Все это было сродни искусству. А к искусству мистер Беркинс тяготел с малых лет. Он и факультет выбрал по душе. Однако потрясение, испытанное им после смерти жены, то невыносимое чувство собственной беспомощности, когда ты не в силах помочь умирающему у тебя на руках любимому человеку, та убивающая покорность, с которой ты должен смириться с приговором врачей (а изменить ничего не можешь, потому что у тебя нет ни подходящих знаний, ни уверенной практики), заставило его кардинально поменять направление собственной жизни. Какими бессмысленными показались ему все эти разговоры о высоком искусстве, о воплощении божественного таланта с помощью красок, нот и алфавита в тот момент, когда никто не смог спасти венец всего мироздания, творение, созданное по образу и подобию высших сил… И тогда, кидая горсть сырой земли на крышку гроба своей женщины, он принял решение стать врачом.

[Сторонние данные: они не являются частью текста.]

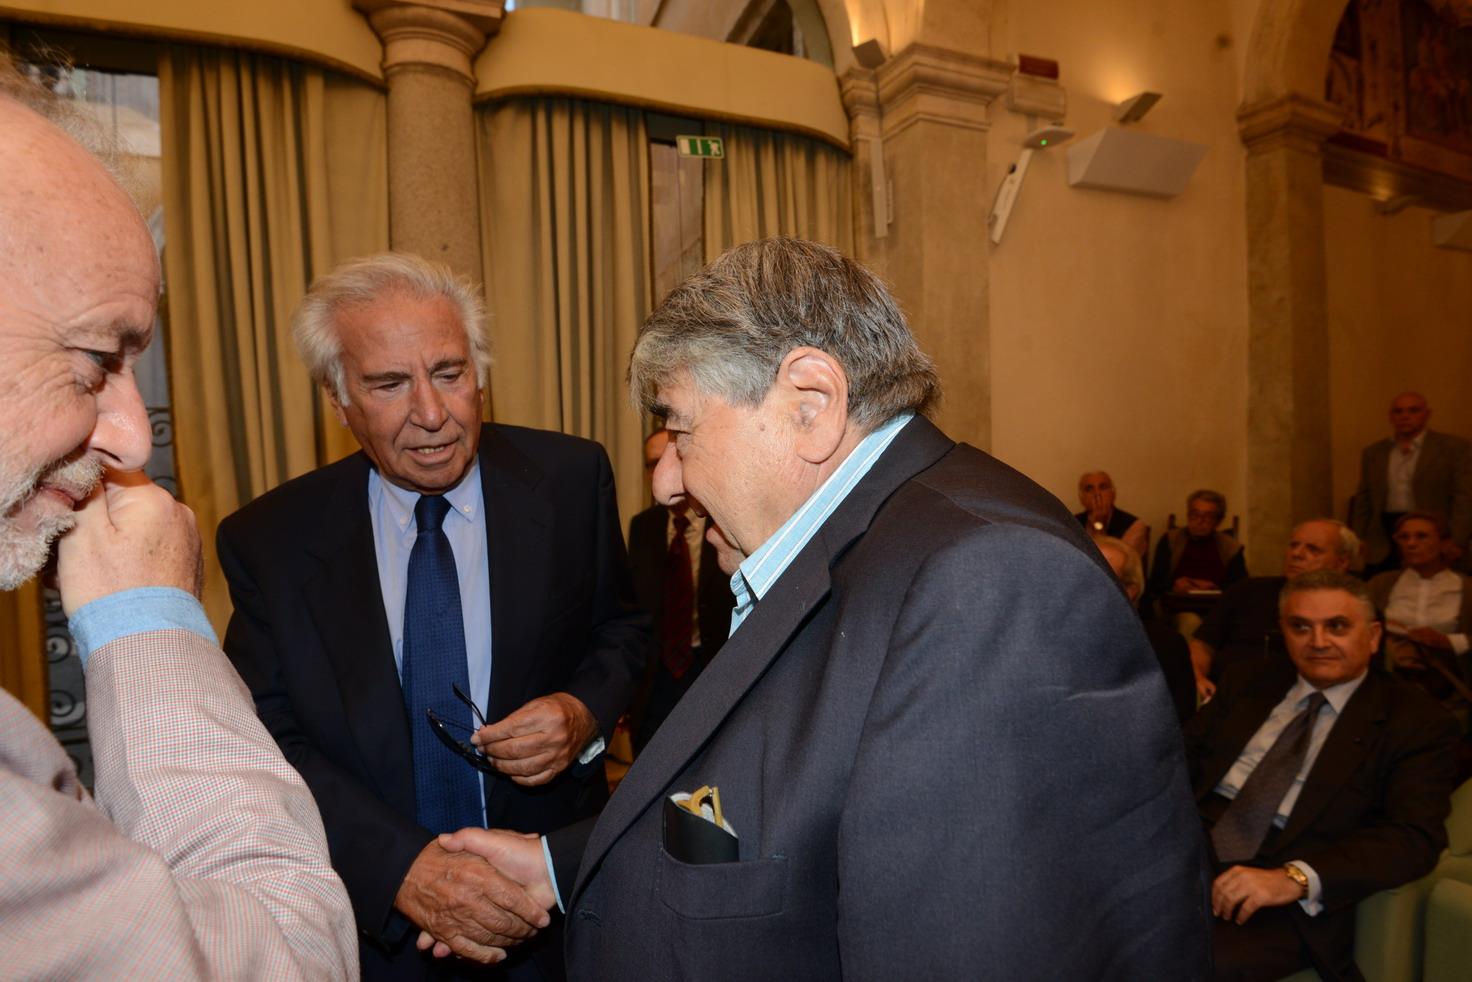 Claudio Signorile Luigi Covatta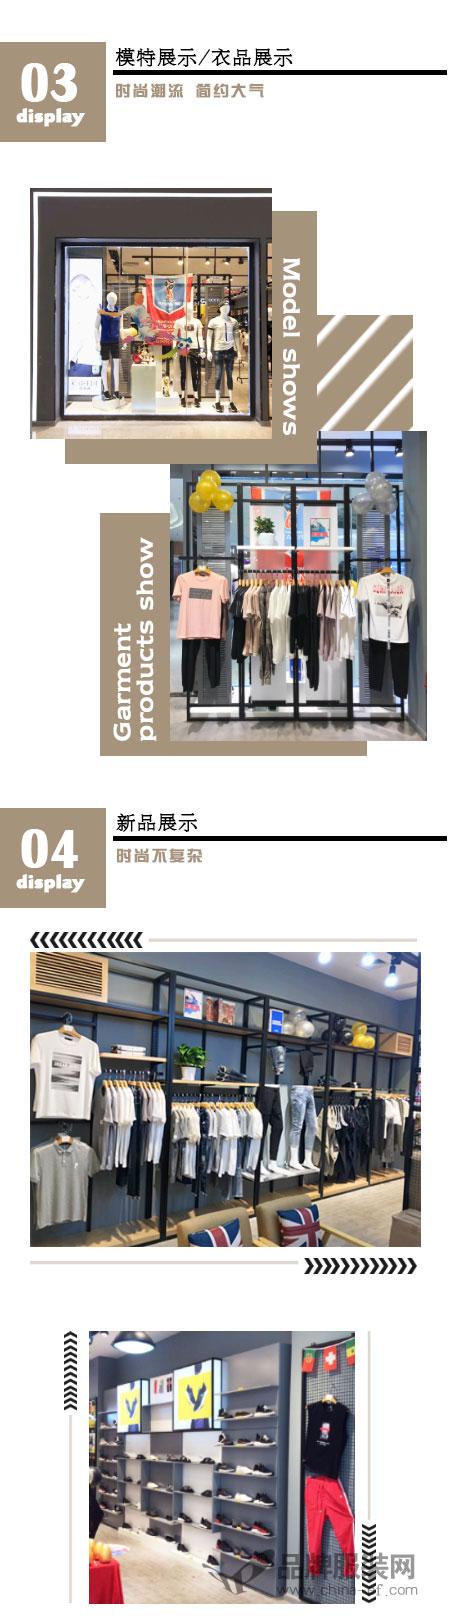 热烈祝贺凯施迪品牌男装 惠州鑫月城隆重开业!生活

Возможно, именно поэтому он и стал лучшим доктором этой местности: когда другие опускали руки и смирялись с тем, что пациенту уже ничем не помочь, мистер Беркинс не позволял себе сдаться. Он отвергал любые стандартные подходы и дежурные фразы своих коллег, он изучал, анализировал, экспериментировал, рисковал — и в большинстве случаев выходил победителем с вернувшимся с того света пациентом. Он потерял три рабочих места, в частности из-за того, что шел вразрез с инструкциями и больничными правилами. А еще потому, что пациенты, которые должны были благодарить медика за новый день рождения, ругались на него за потерянное здоровье. Те самые, кто перенес инсульт, но при этом в перерывах между восстанавливающими процедурами дымил дешевым табаком. Или те, кого еле-еле откачали после инсулинового шока, а они снова пропускали приемы пищи, потому что не привыкли к элементарному режиму и заботе о себе. Люди с кольцом на желудке демонстративно поедали диетический протертый суп, однако украдкой закидывали в себя пару-тройку бургеров, принесенных заботливыми родственниками. А те, кто едва оправился после инфаркта, малодушно намазывали шоколадное масло на свежую сдобу и, отправляя все это в рот, запивали крепким дешевым чаем с непременными тремя ложками сахара. Но потом, конечно, кляли врачей за халатность и нанесенный таблетками вред. В какой-то момент мистер Беркинс устал наблюдать, как люди, идущие на поводу у собственных страстей, хотят, чтобы другие отвечали за последствия их собственного выбора. Ему осточертели эти безвольные марионетки, управляемые рекламой, шуршащими обертками и глутаматом натрия.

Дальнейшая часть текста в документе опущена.